The charge / discharge cycle of discharging at 06 A until the inter-terminal voltage became 1 V was repeated.

The discharge capacity after 10 cycles and the charge acceptance ratio obtained by dividing the discharge capacity by the logical filling capacity of the positive electrode are shown in Table 1. From this, by adding calcium fluoride to the positive electrode,

[0018]

[Table 1]

It can be seen that the charge acceptance ratio is improved and the discharge capacity is increased. (Example 2) The amount of added calcium fluoride was examined.

Nickel hydroxide, metallic cobalt, cobalt hydroxide and calcium fluoride are in a weight ratio of 100: 7: 5:
X, X = 0, 0.5, 1.0, 2.5, 5, 10,
After the powders weighed at 20, 30 were mixed well, water was added to 20 g of the mixed powder to form a paste. A positive electrode plate was made using these pastes in the same manner as in Example 1, and a battery was made using the same negative electrode.

The same test as in Example 1 was performed, and the charge acceptance ratio at each amount of added calcium fluoride was determined. The results are shown in (Table 2). From this, it was found that a sufficient improvement effect was obtained when the charge acceptance ratio was 0.5 with respect to nickel hydroxide 100 by weight ratio.

The value of calcium fluoride 0.5 is the same as that when cadmium hydroxide is used, but calcium fluoride is preferred from the viewpoint of pollution. When the amount of calcium fluoride is increased, the charge acceptance ratio is improved, but the amount of charged calcium per weight X
In view of the charge acceptance when the value of is 0, setting X to 30 or more is not preferable because the charged amount of electricity decreases.

[0023]

[Table 2]

[0024]

As is apparent from the above description of the embodiment, according to the alkaline storage battery of the present invention, by adding calcium fluoride having low pollution to the positive electrode, the high temperature of the nickel hydroxide positive electrode used for the alkaline storage battery can be obtained. , And the charging efficiency of the alkaline storage battery at high temperatures can be improved.

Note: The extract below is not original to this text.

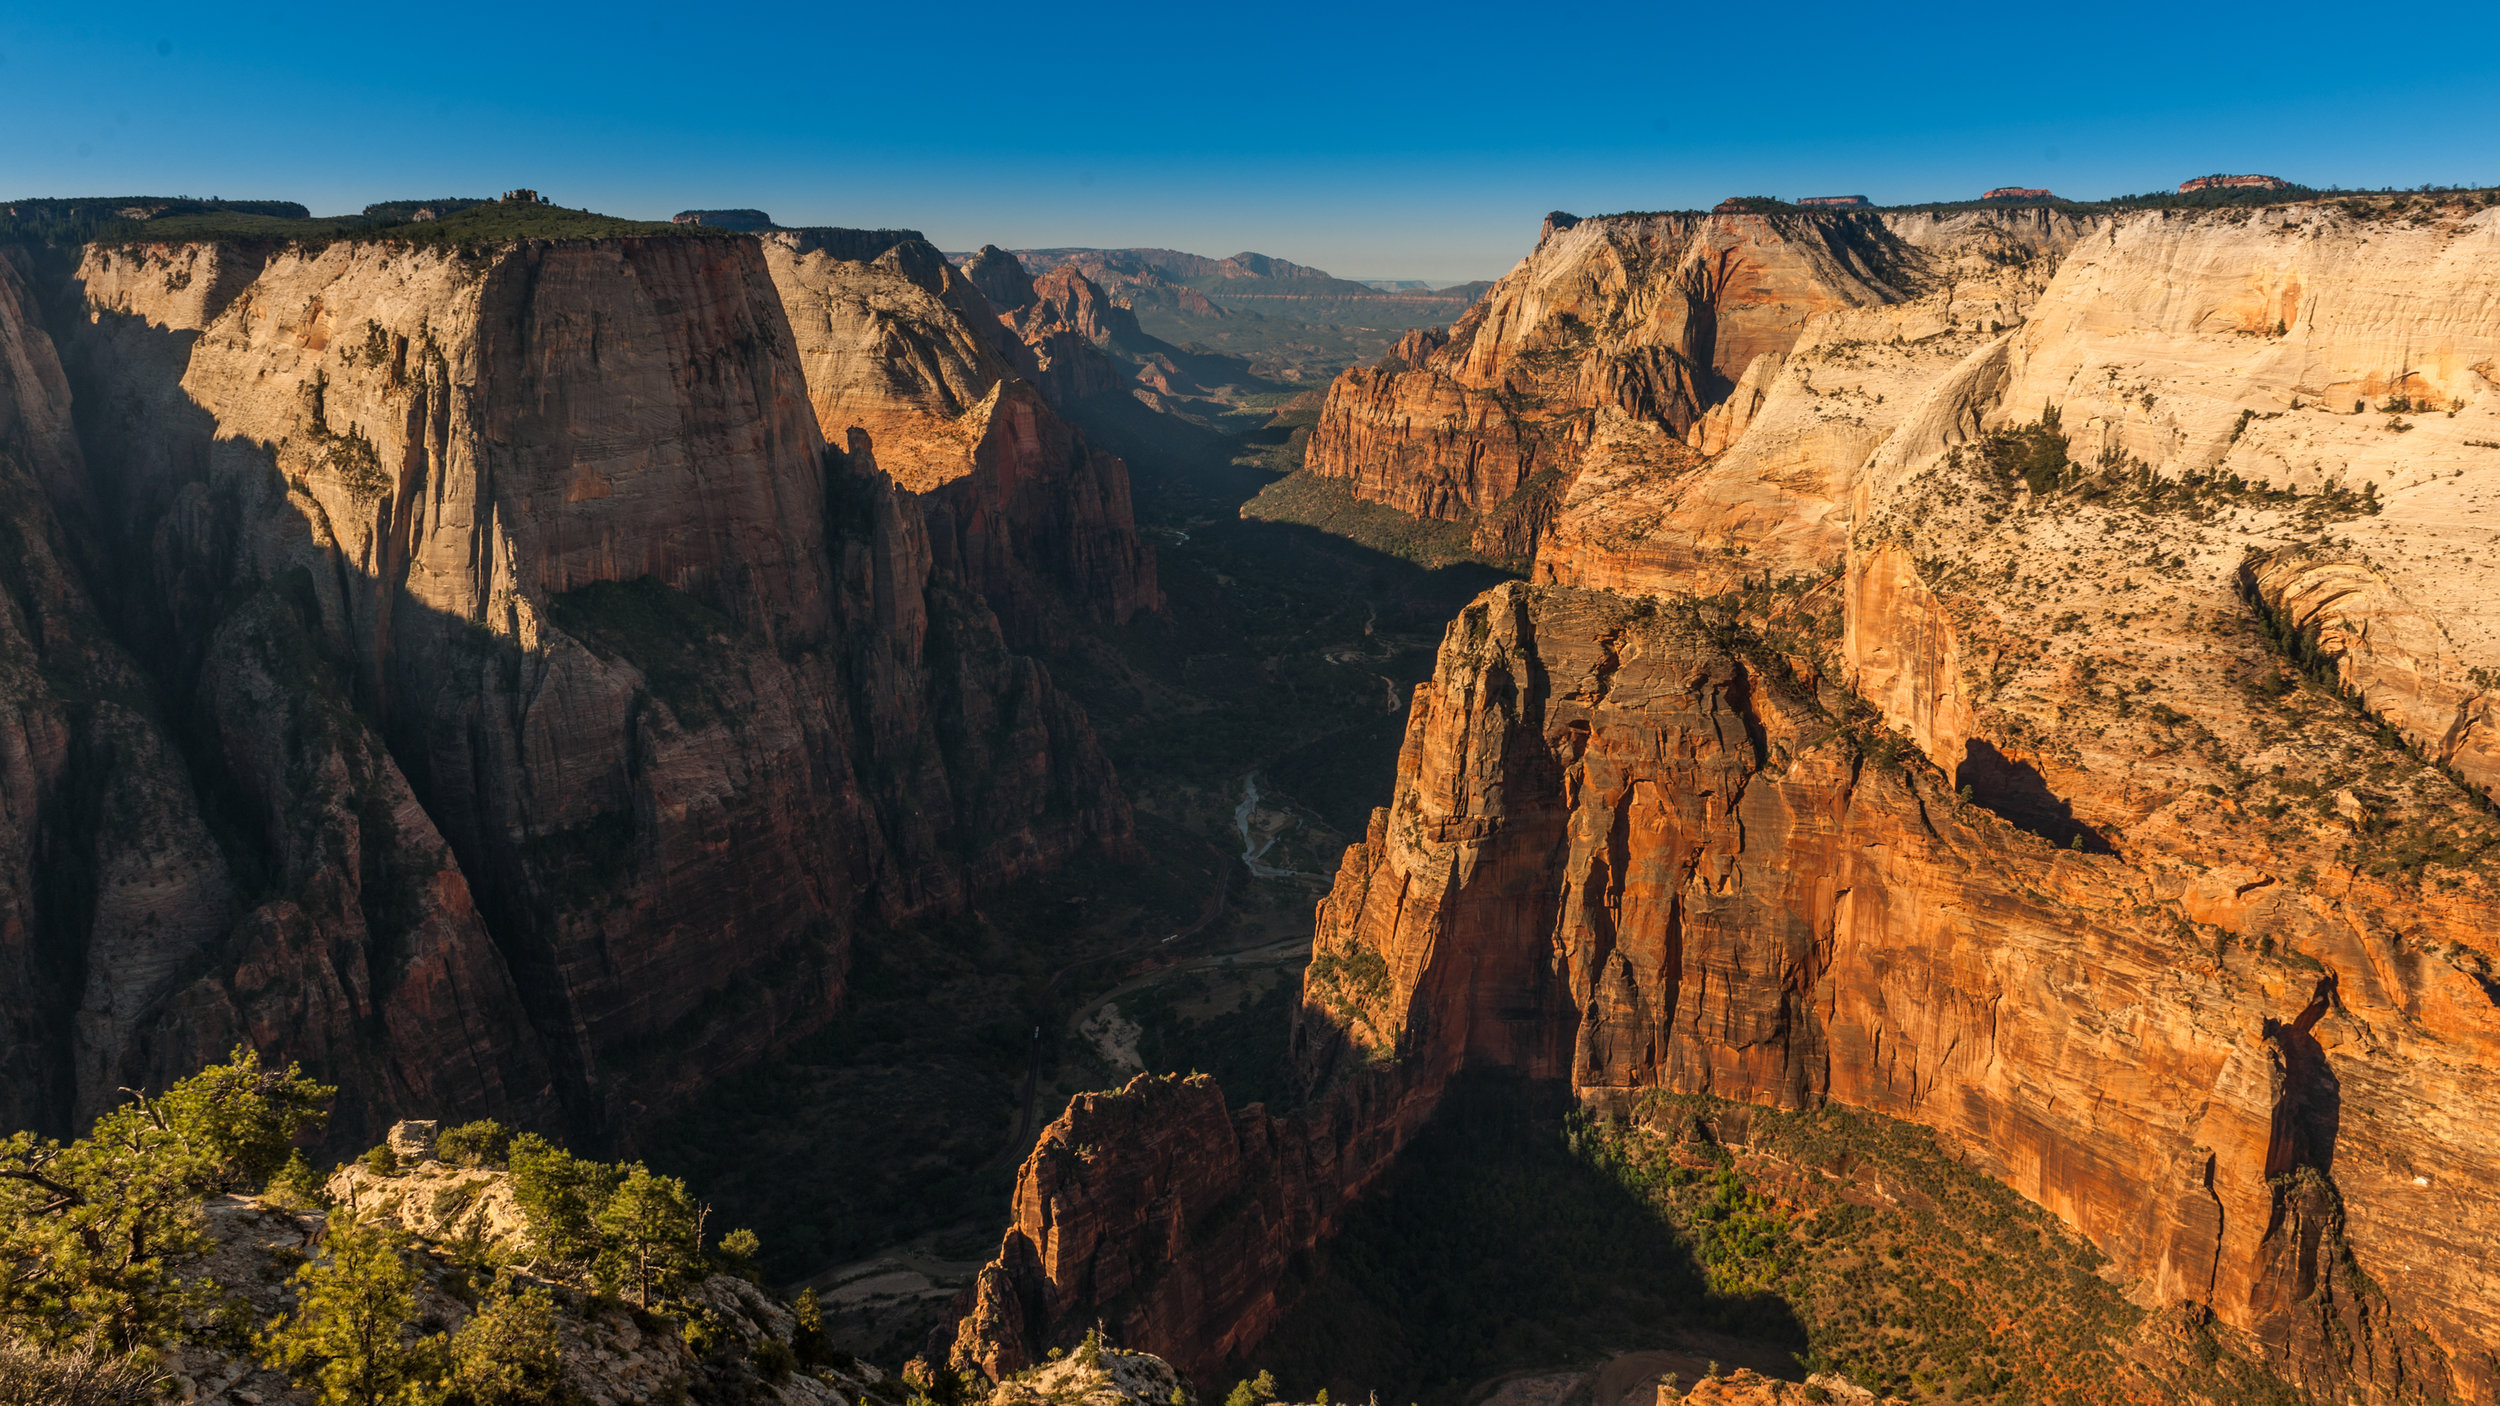 Observation point, Zion National Park

[Brief description of the drawings]

FIG. 1 is a longitudinal sectional view of an alkaline storage battery according to an embodiment of the present invention.

[Explanation of symbols]

 1 separator 2 negative electrode 3 positive electrode

──────────────────────────────────────────────────の Continued on the front page (72) Inventor Katsunori Komori 1006 Kazuma Kadoma, Osaka Prefecture Inside Matsushita Electric Industrial Co., Ltd. (72) Yoshinori Toyoguchi 1006 Kazuma Kazuma Kadoma, Osaka Matsushita Electric Industrial Co., Ltd. In-company (56) References JP-A-48-46841 (JP, A) JP-A-50-69530 (JP, A) (58) Fields investigated (Int. Cl. ⁷ , DB name) H01M 4/32 H01M 4/36-4/62

Claims (1)

(57) [Claims] 1. An alkaline storage battery comprising a chargeable / dischargeable negative electrode facing through a separator, a positive electrode made of nickel hydroxide, and the positive electrode mainly composed of an alkaline electrolysis solution and having calcium fluoride added thereto.